What the exercise asks:
Without the pictures, set down everything in the listing exactly.

Information shown:
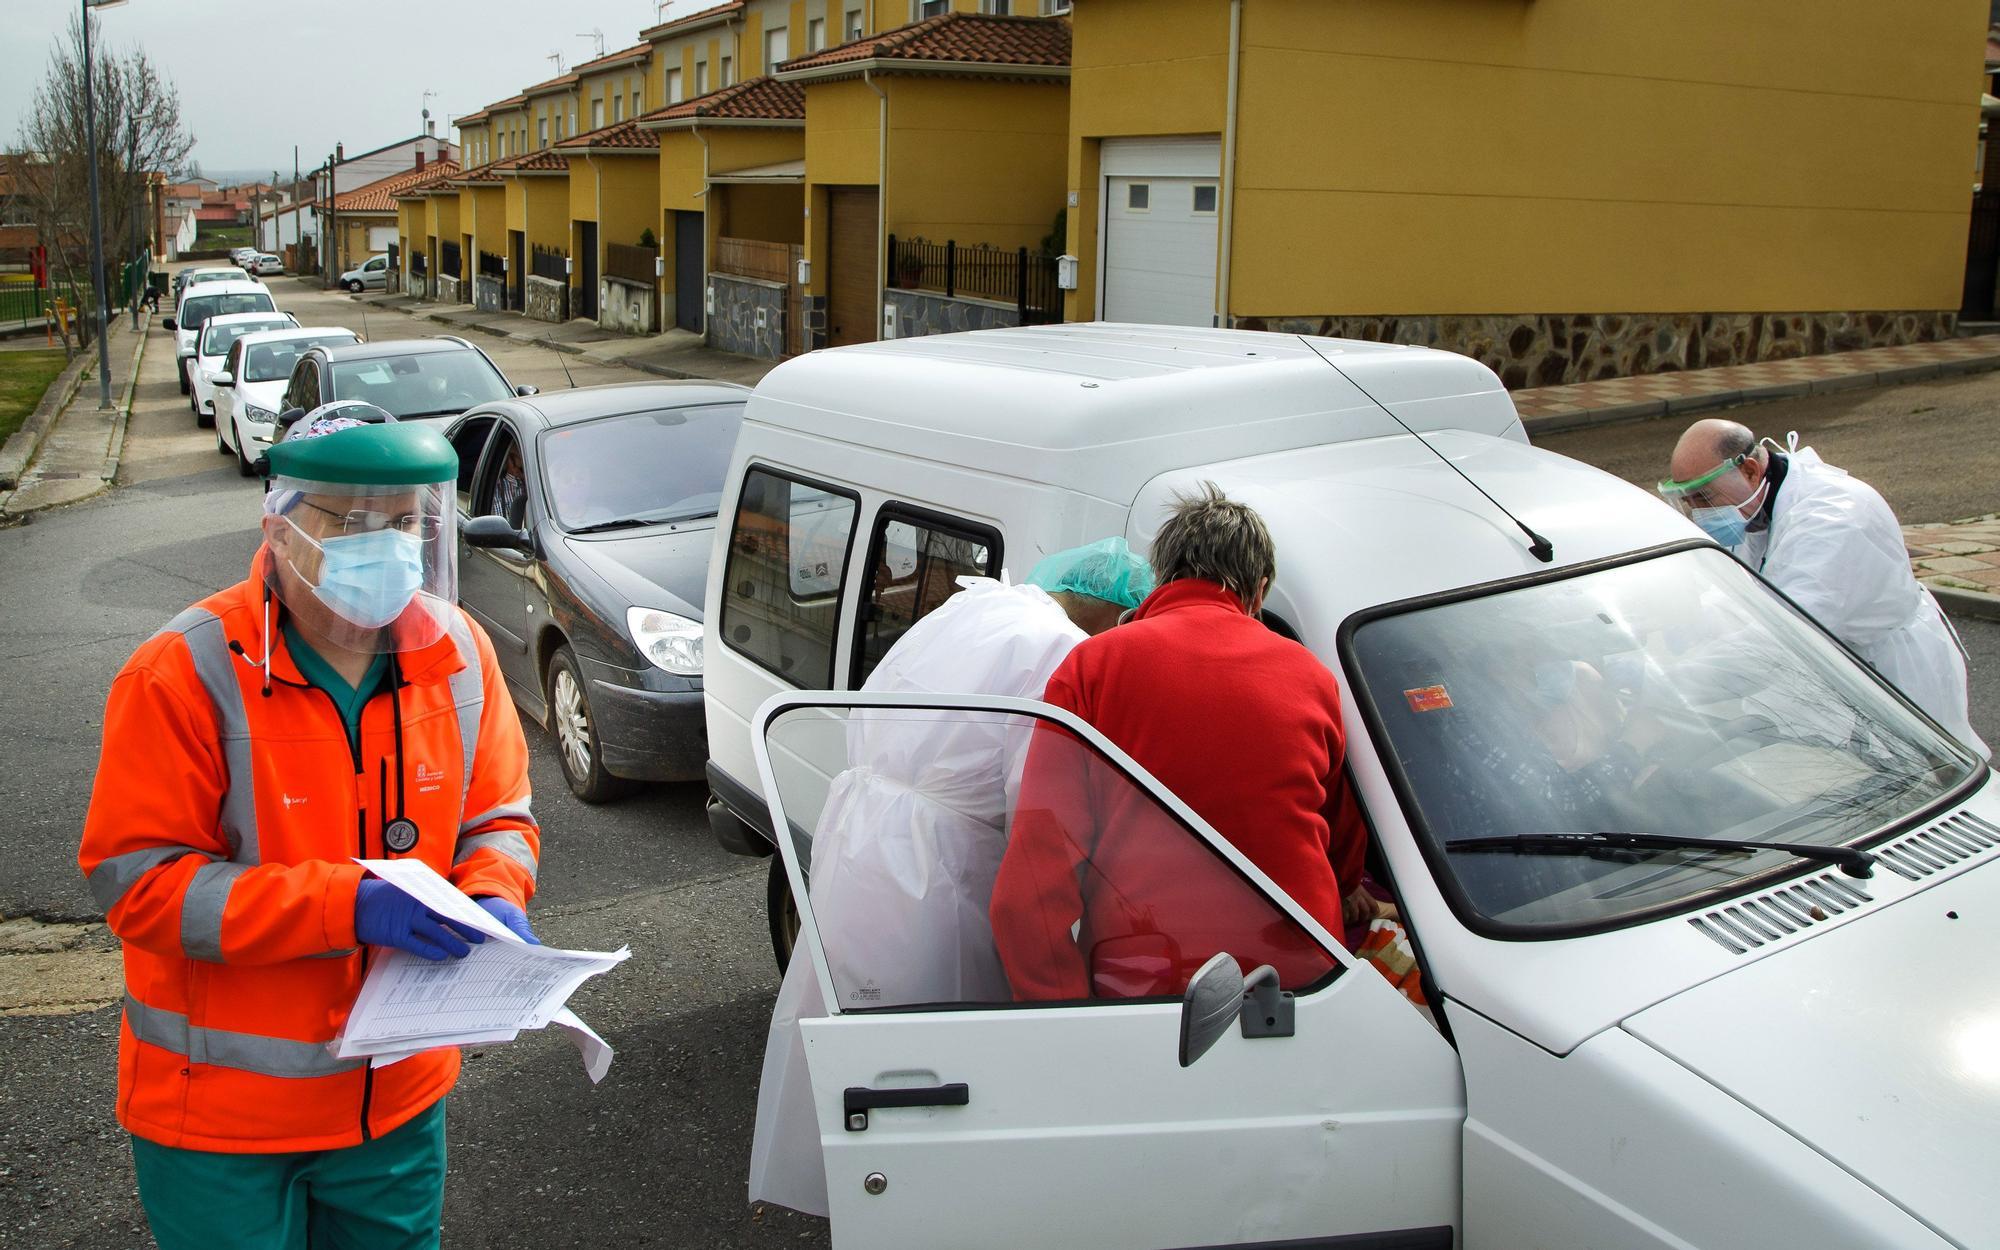 Así es la vacunación a personas dependientes desde el coche en Salamanca
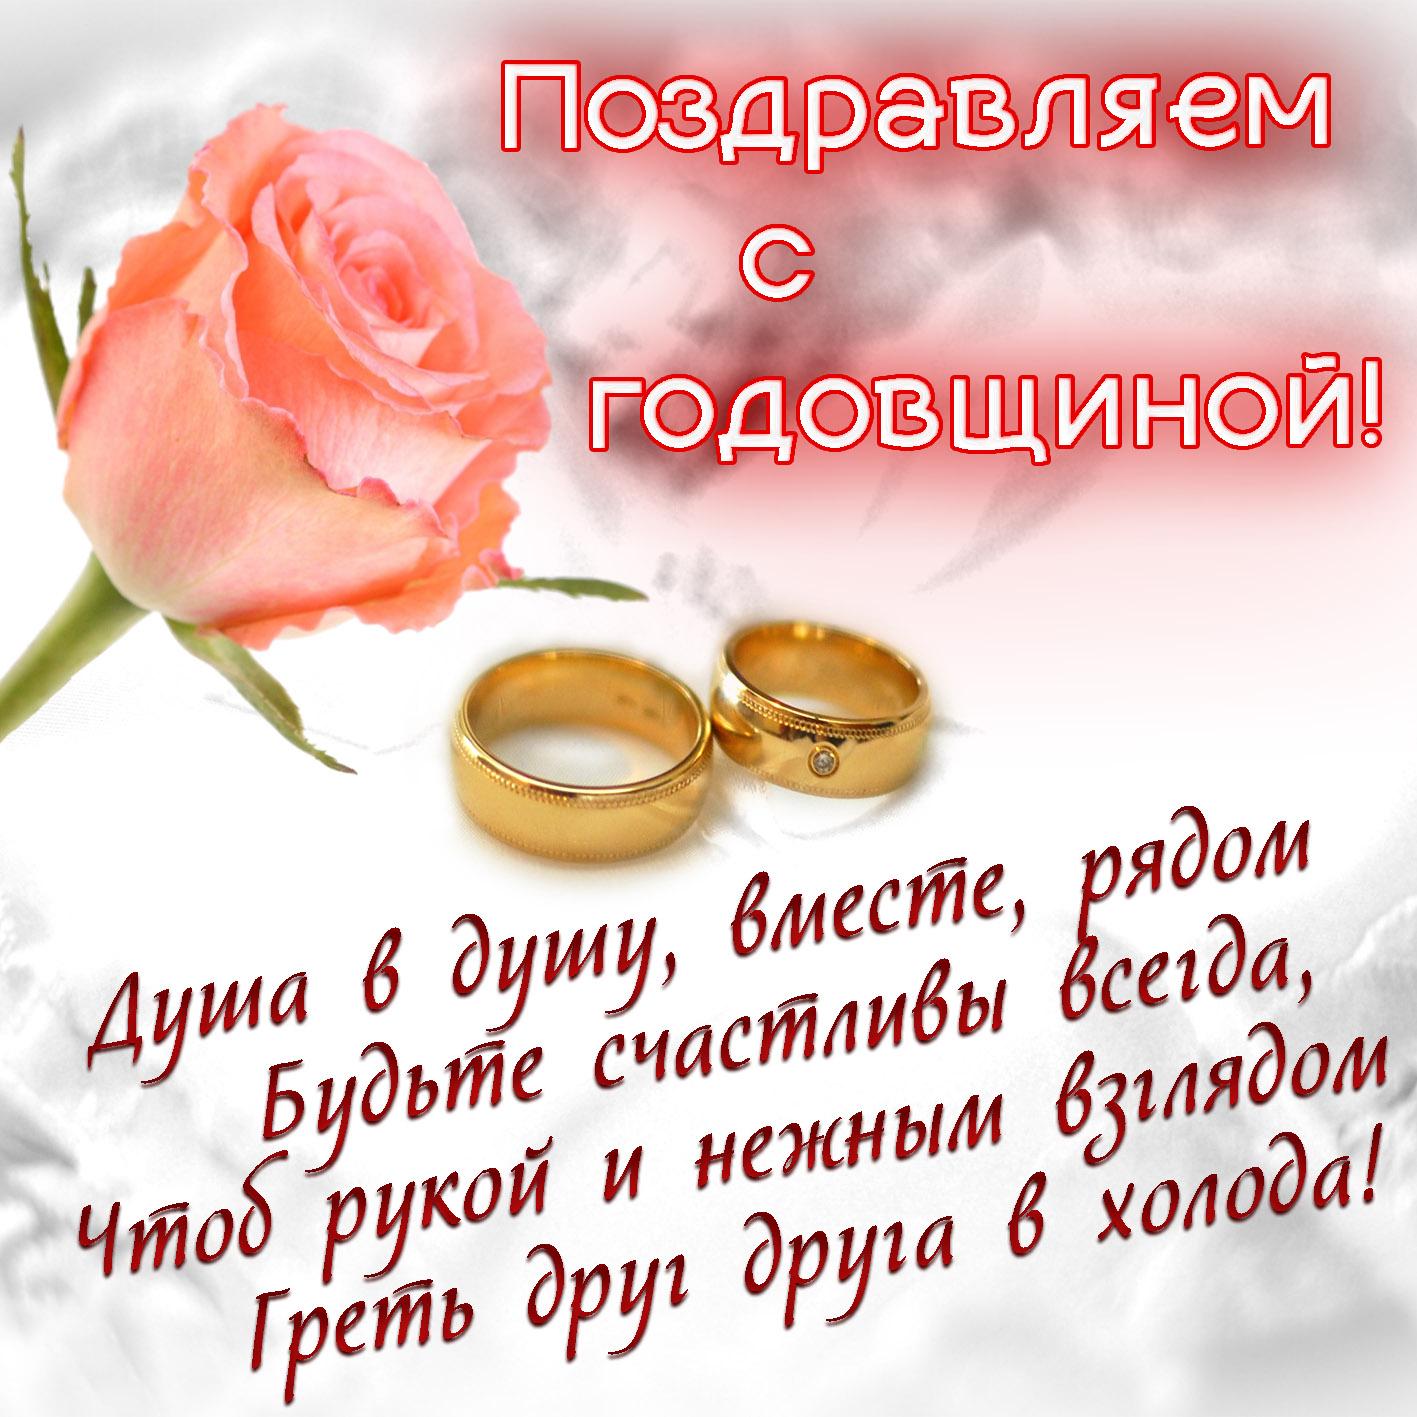 Поздравления брату на юбилей свадьбы
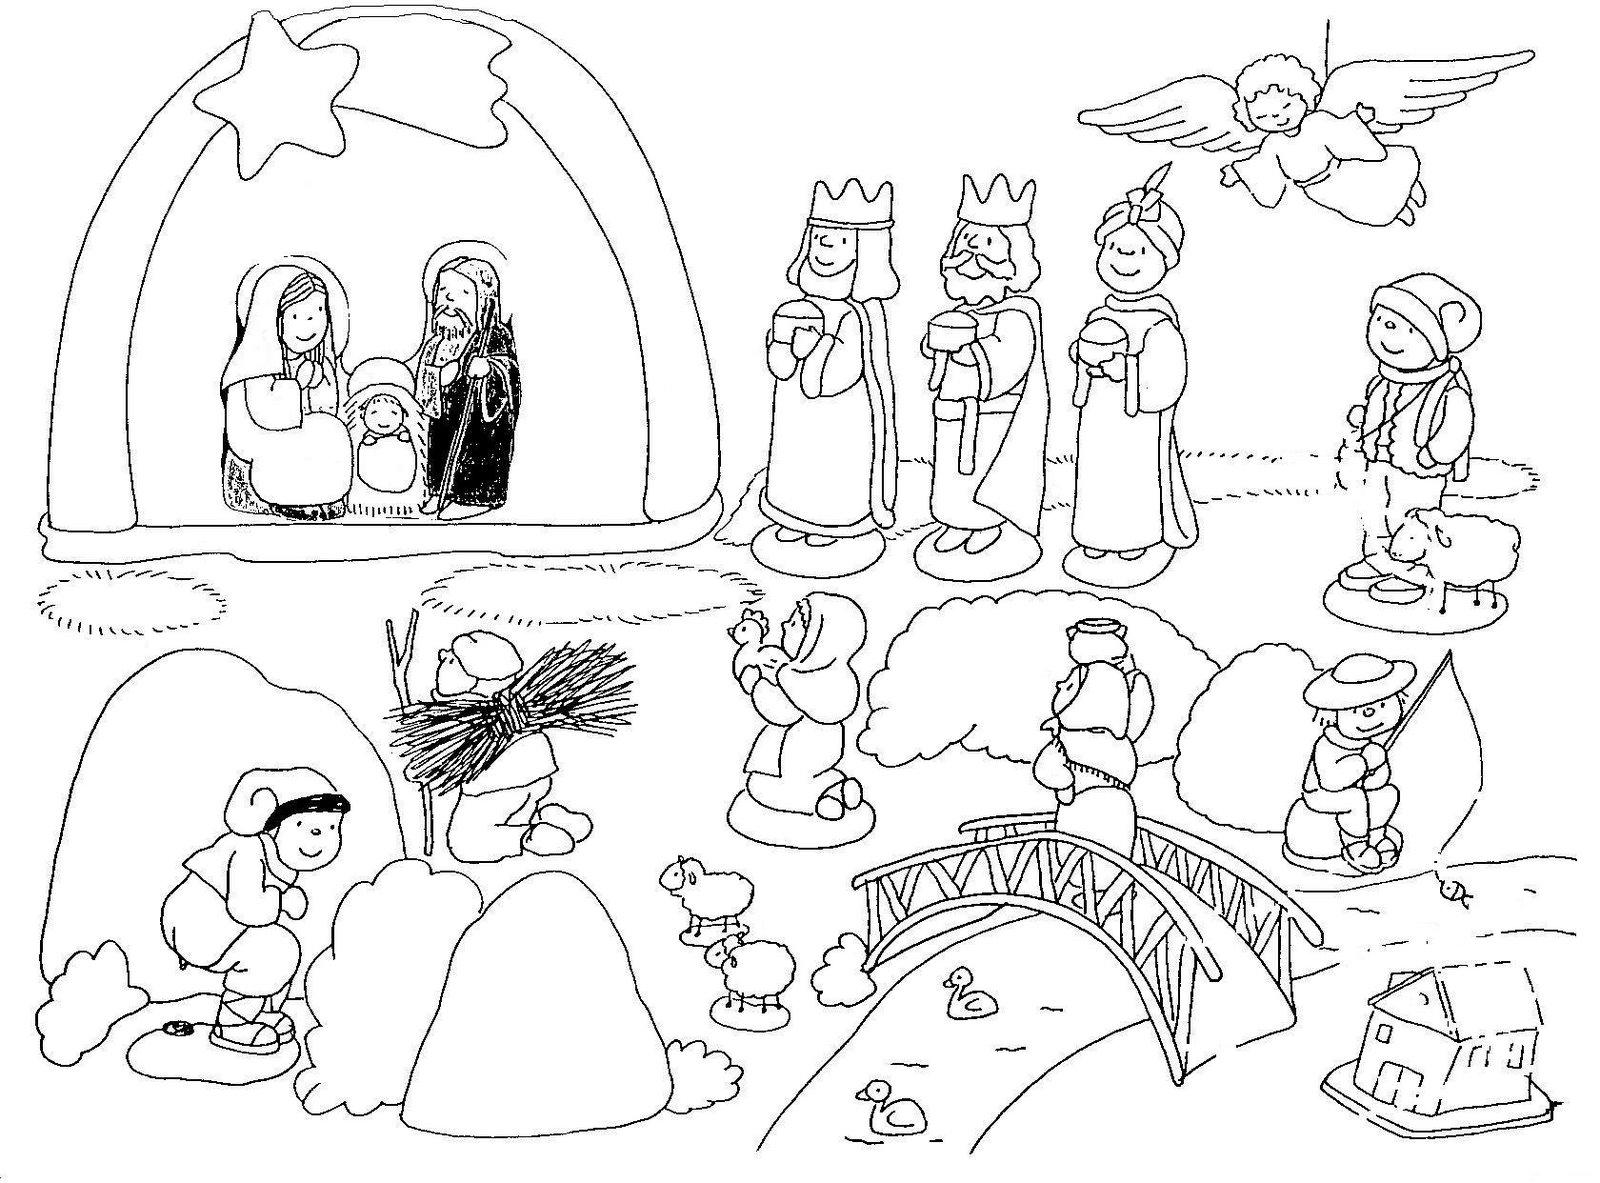 Dibujos De Cosas De Navidad. Navidad With Dibujos De Cosas De ...

Response to the task:
 Así es la vacunación a personas dependientes desde el coche en Salamanca
 Поздравления брату на юбилей свадьбы
 Dibujos De Cosas De Navidad. Navidad With Dibujos De Cosas De ...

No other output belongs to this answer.